The data first transformed into sparse matrix representation, (user by item) if user based and (item by user) if item based.

The the prediction matrix $R$ is trained with following formula:

$R$ is defined as $R_{i, j} = \mu_i + \frac{\sum_{v\in P_i(j)}S(i, v)\cdot (r_{vj} - \mu_v)}{\sum_{v\in P_i(j)}|S(i, v)|}$

where $S$ is the Pearson Similarity Matrix

$S$ is defined as $S_{u,v} = \frac{\sum_{k\in I_u \cap I_v}(r_{uk} - \mu_u)(r_{vk} - \mu_v)}{\sqrt{\sum_{k\in I_u \cap I_v}(r_{uk} - \mu_u)^2}\sqrt{\sum_{k \in I_u \cap I_v}(r_{vk} - \mu_v)^2}}$

The algorithm is implemented with numpy array (for prediction) and scipy csr sparse matrix (for training). 

Every operation uses numpy matrix operations (aka. dot product, norm, etc) which optimizes the computational speed by trading off extra memories (for loop takes $\approx 10$ minutes to train and matrix operations takes $\approx 1$ minutes to train for our experimental sample in user based CF).

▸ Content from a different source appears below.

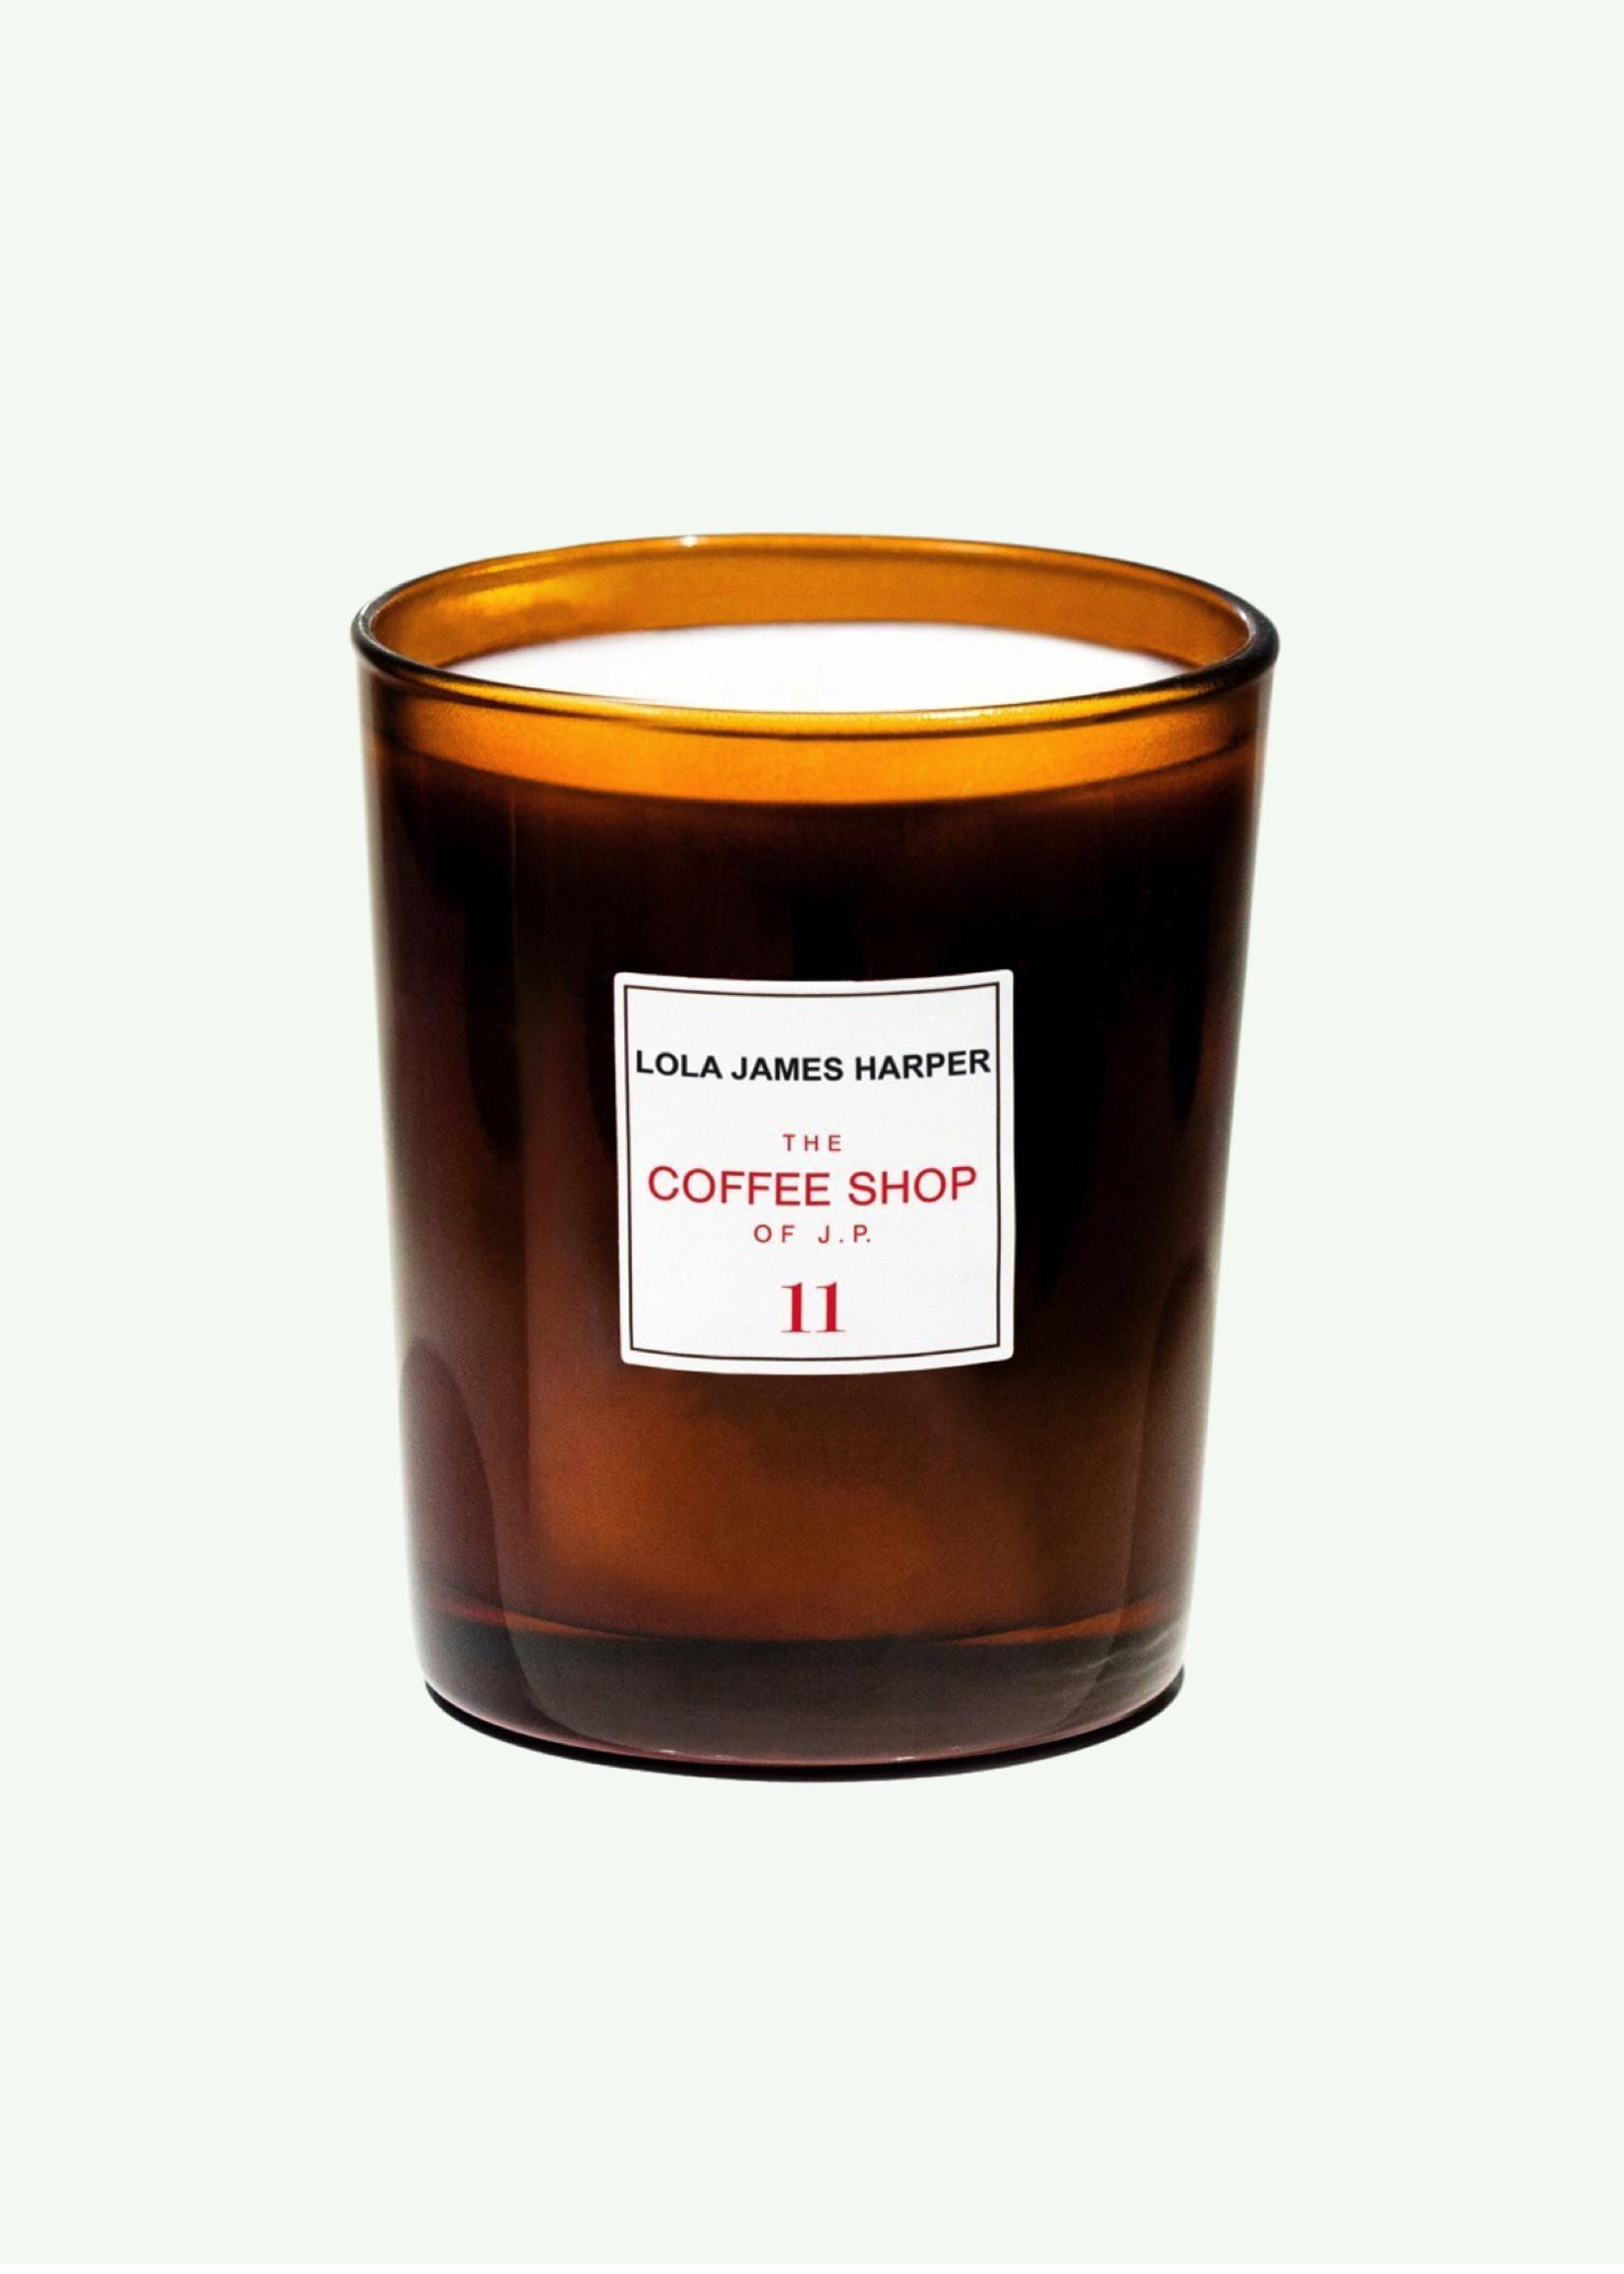 Lola James Harper Lola James Harper - The Coffee Shop of JP - Geurkaars 190 gr
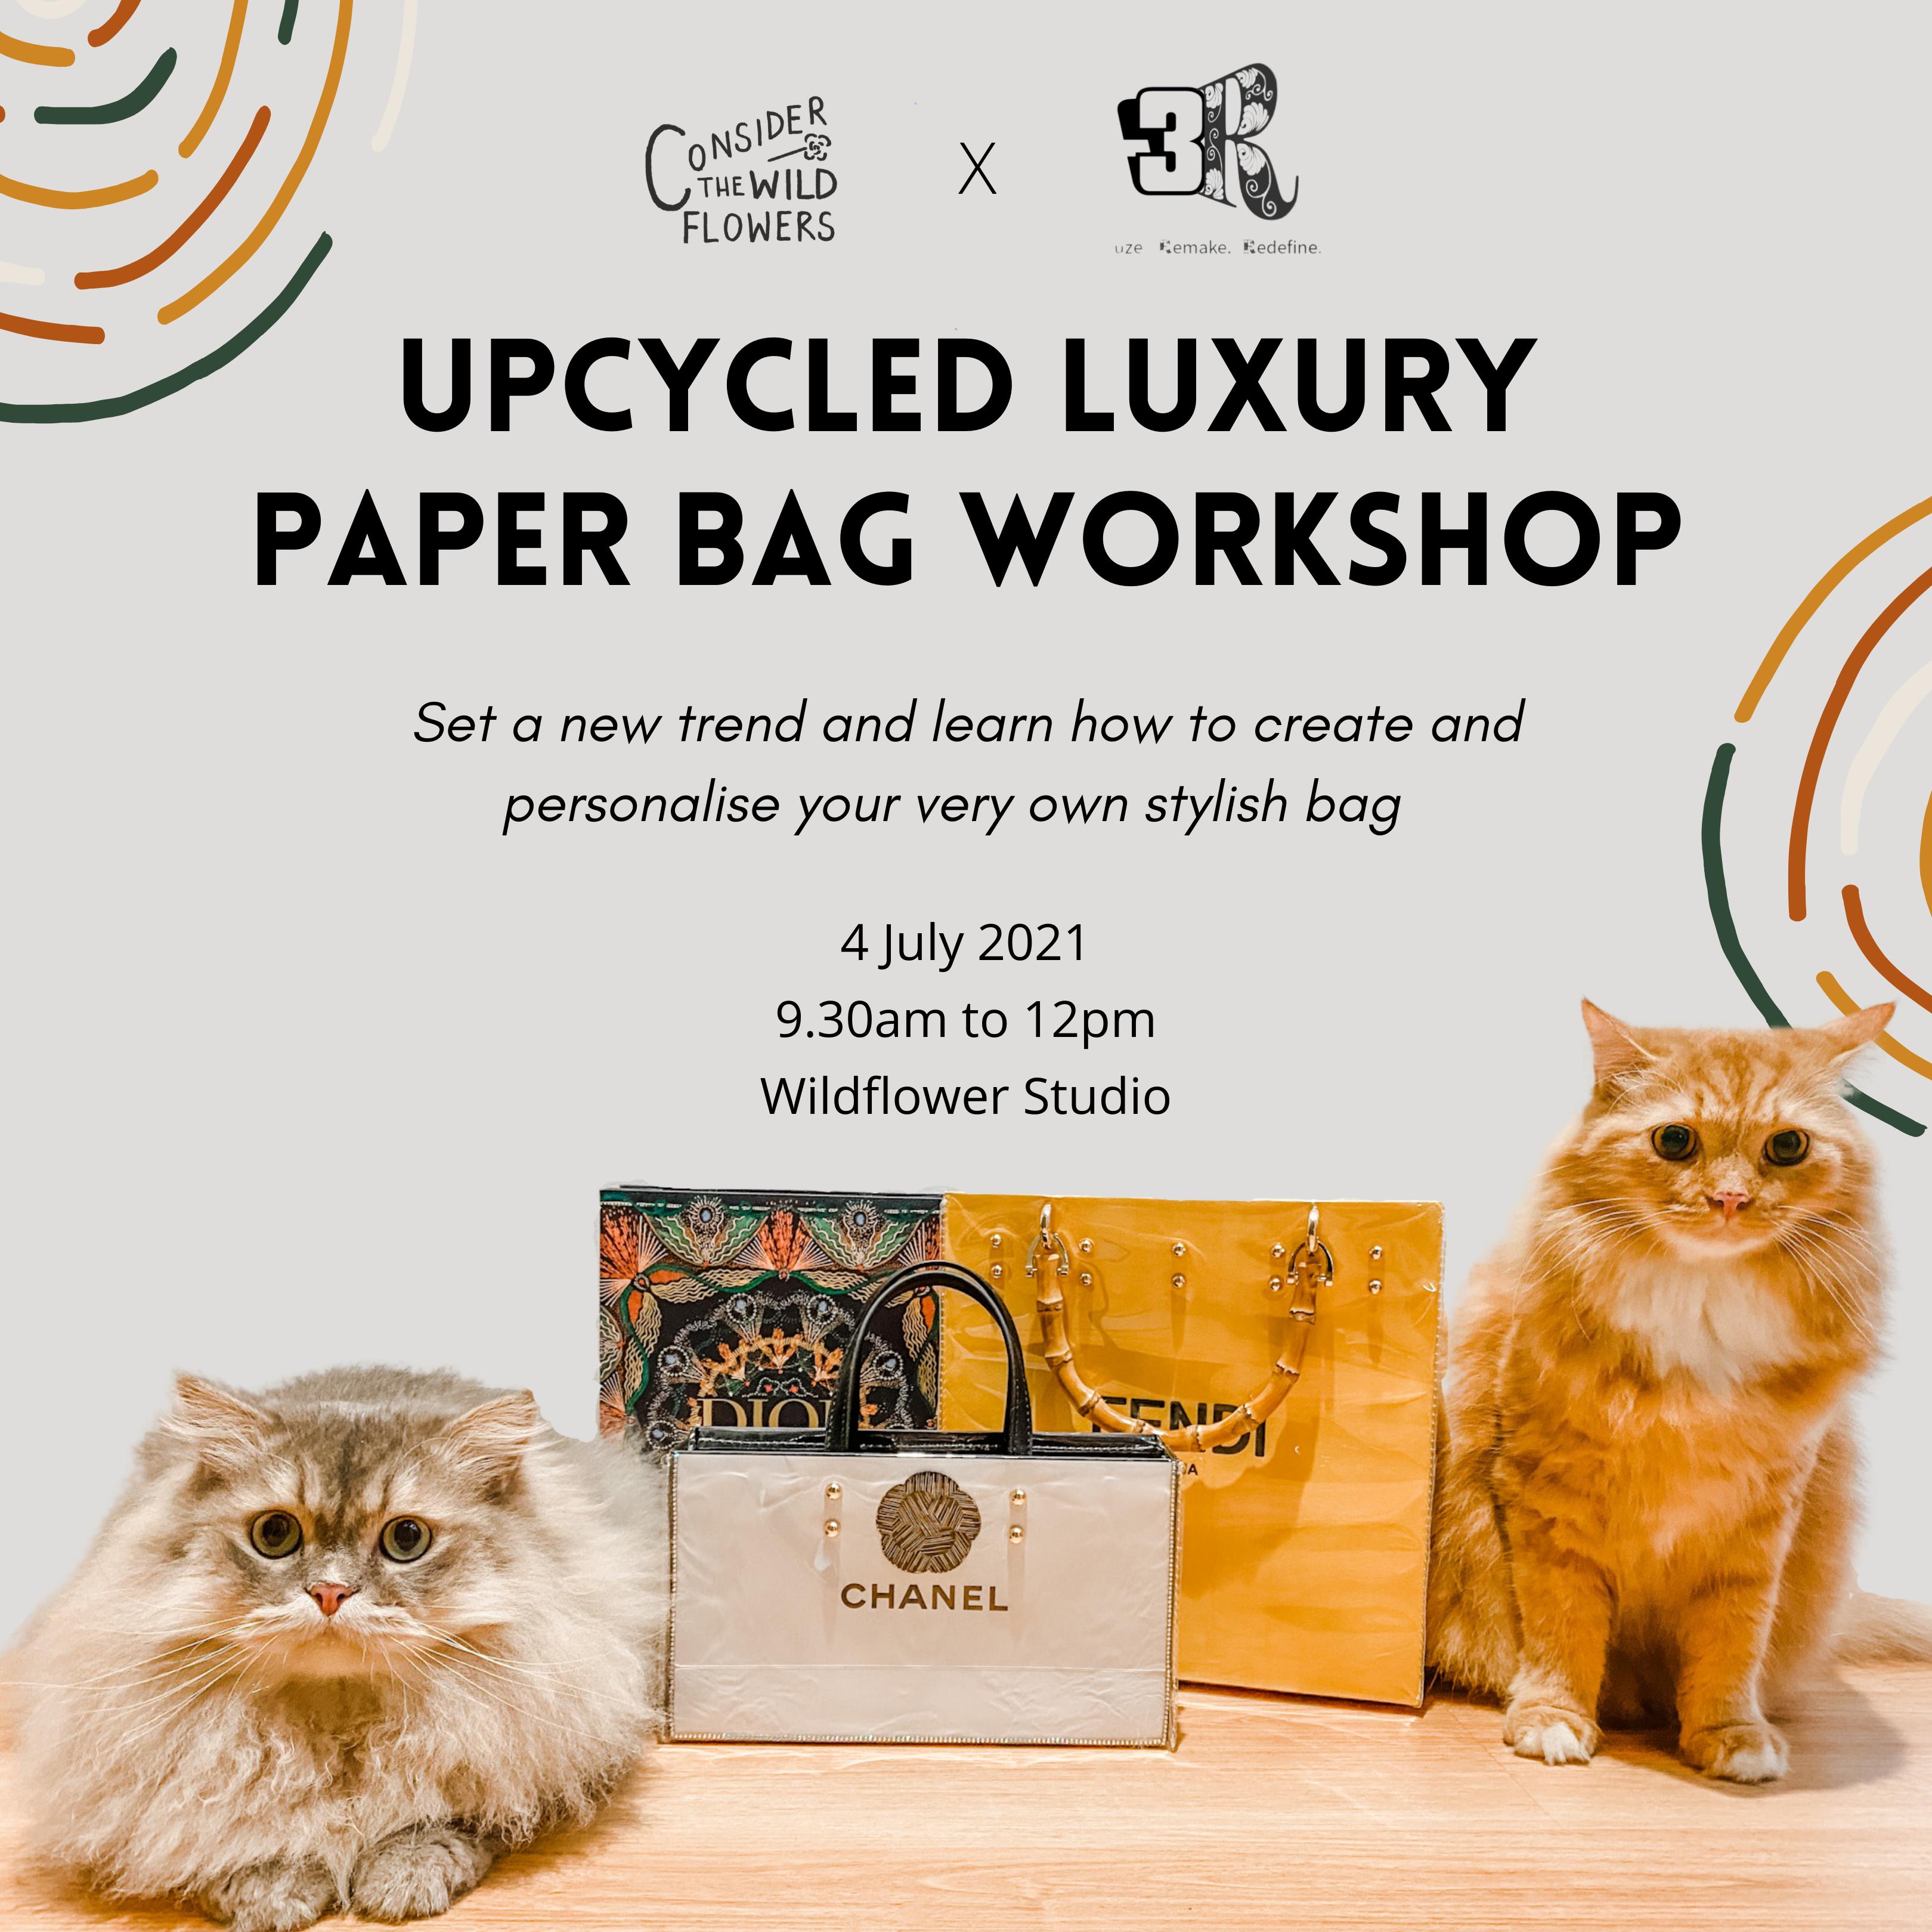 Upcycled Luxury Paper Bag Workshop

**user based collabrative filtering**

When R is (user by item) and S is (user by user), it is User Based Collabrative Filtering

**user based collabrative filtering**

When R is (item by user) and S is (item by item), it is Item Based Collabrative Filtering


In [7]:
from src.memory_based import Memory_based_CF

## Model Based Collaborative Filtering

**usage**

The source code of Memory Based Collaborative Filtering is under the file directory: `[project_directory]/src/model_based/als.py`. 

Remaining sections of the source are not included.